Clinical Information:
Clinical manifestations of Neisseria gonorrhoeae (NG) infections are numerous. In men, acute urethritis presents itself after a 1-10 day incubation period with urethral discharge and dysuria. Only a small proportion of men remain asymptomatic without signs of urethritis. Acute epididymitis is the most common complication, especially in young men. In women, the primary site of infection is the endocervix. There is a high prevalence of co-infections with CT, Trichomonas vaginalis, and bacterial vaginosis; many women remain asymptomatic and therefore do not seek medical care. The predominant symptoms are increased discharge, dysuria, and intermenstrual bleeding. Pelvic inflammatory disease can occur in 10%-20% of women, combined with endometritis, salpingitis, tubo ovarian abscess, pelvic peritonitis, and perihepatitis. Other gonococcal infected sites are the rectum, pharynx, conjunctiva, and to a lesser degree the disease presents itself as disseminated gonococcal infection. Infants from infected mothers can develop conjunctivitis.
 
Reference Value:
Negative
 
Interpretation:
  1. A positive result indicates that specimen is positive for the presence of Neisseria gonorrhoeae DNA and supports a diagnosis of gonorrheal infection.

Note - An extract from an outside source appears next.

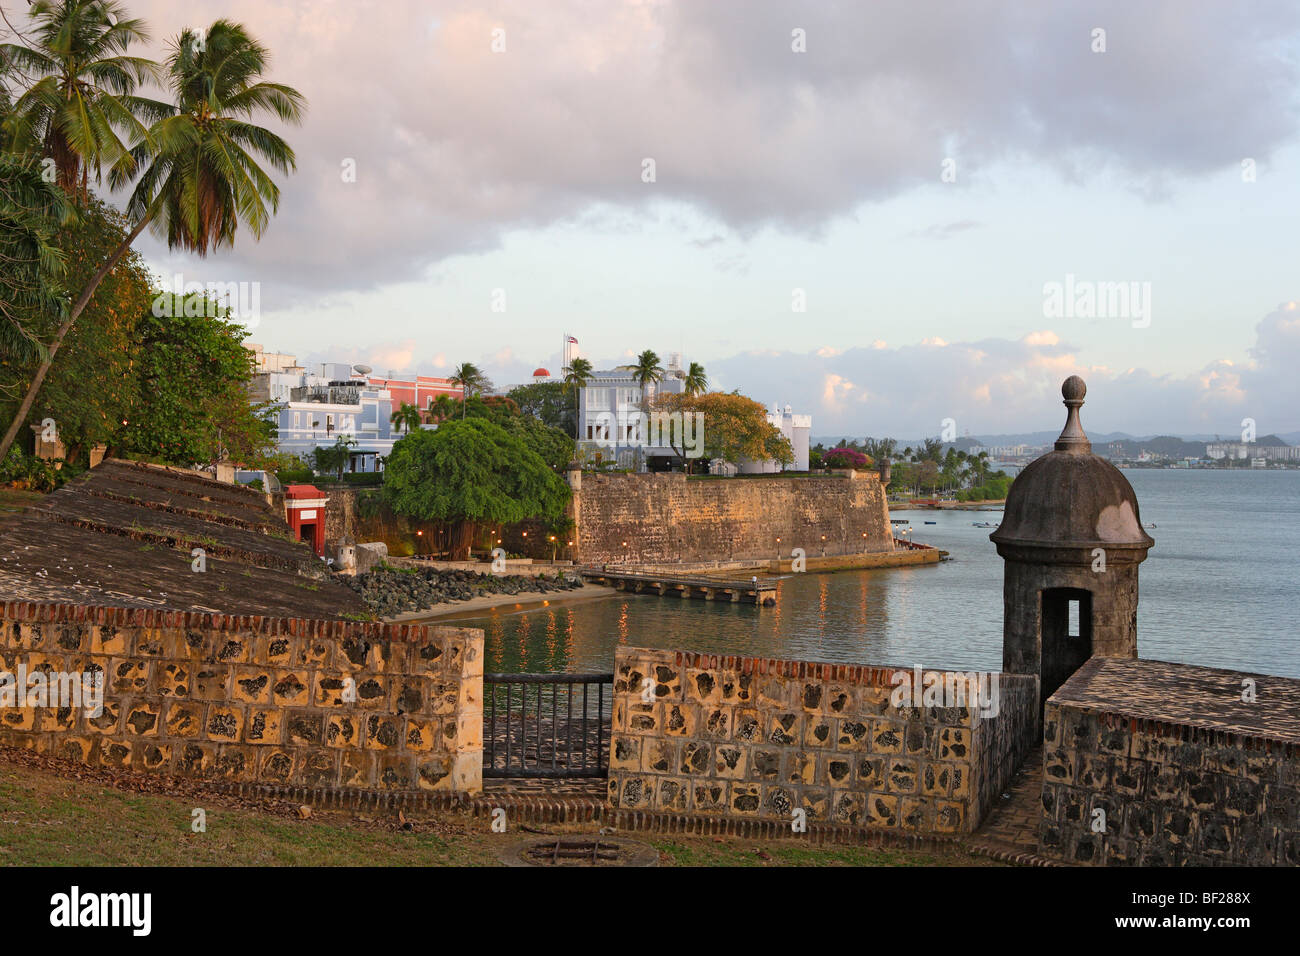 La storica città vecchia sotto il cielo nuvoloso, Puerta de San Juan, San Juan, Puerto Rico, Caraibi, America Foto Stock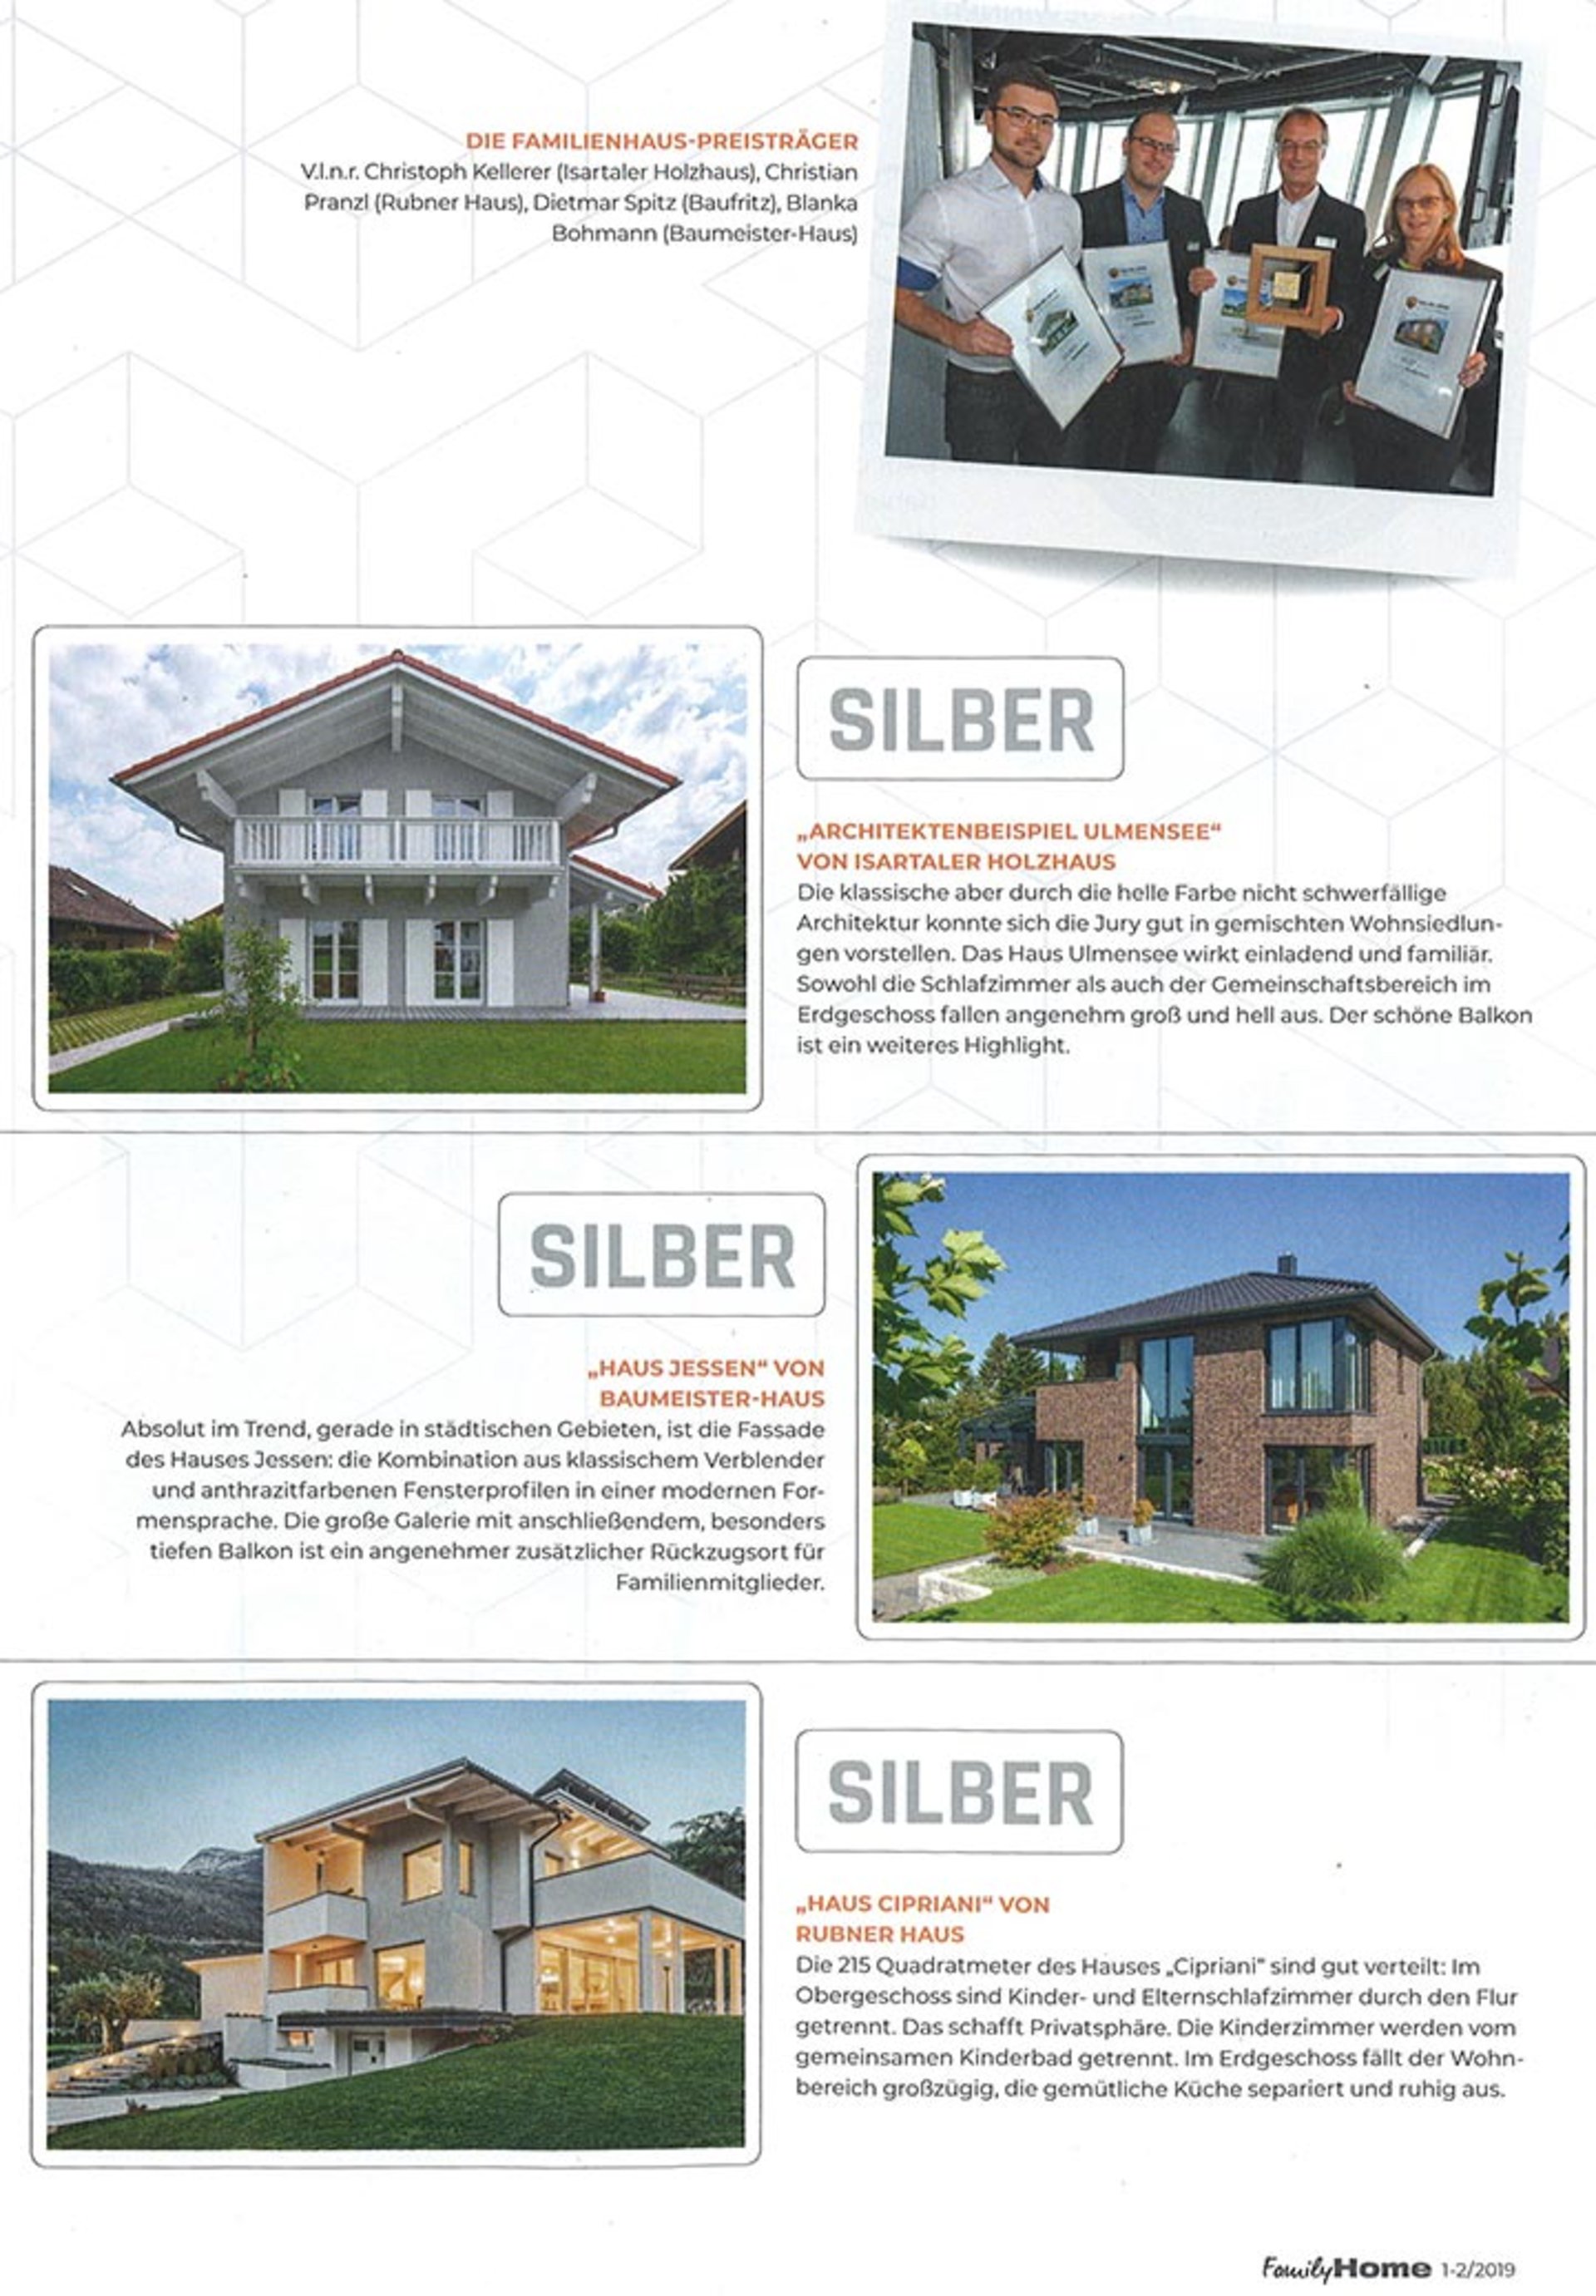 Family Home Jubiläumsausgabe 1-2 2019 Familienhaus Silber Haus Jessen

  2. A negative result does not preclude the presence of NG infection because the detection of N. gonorrhoeae is dependent on the number of organisms present in the specimen and may be affected by specimen collection methods, patient factors (i.e., age, history of STD, presence of symptoms), stage of infection and/or infecting N. gonorrhoeae strains.
  3. Reliable results are dependent on adequate specimen collection, transport, storage and processing procedures.
  4. Though rare, mutations within the highly conserved regions of the genomic DNA of N. gonorrhoeae covered by the test’s primers and/or probes may result in failure to detect the presence of the bacterium.
 
Clinical Reference:
Manufacturer’s package insert, cobas® 4800 CT/NG Test, March 2019, Roche Molecular Systems, NJ 08876 Branchburg, USA.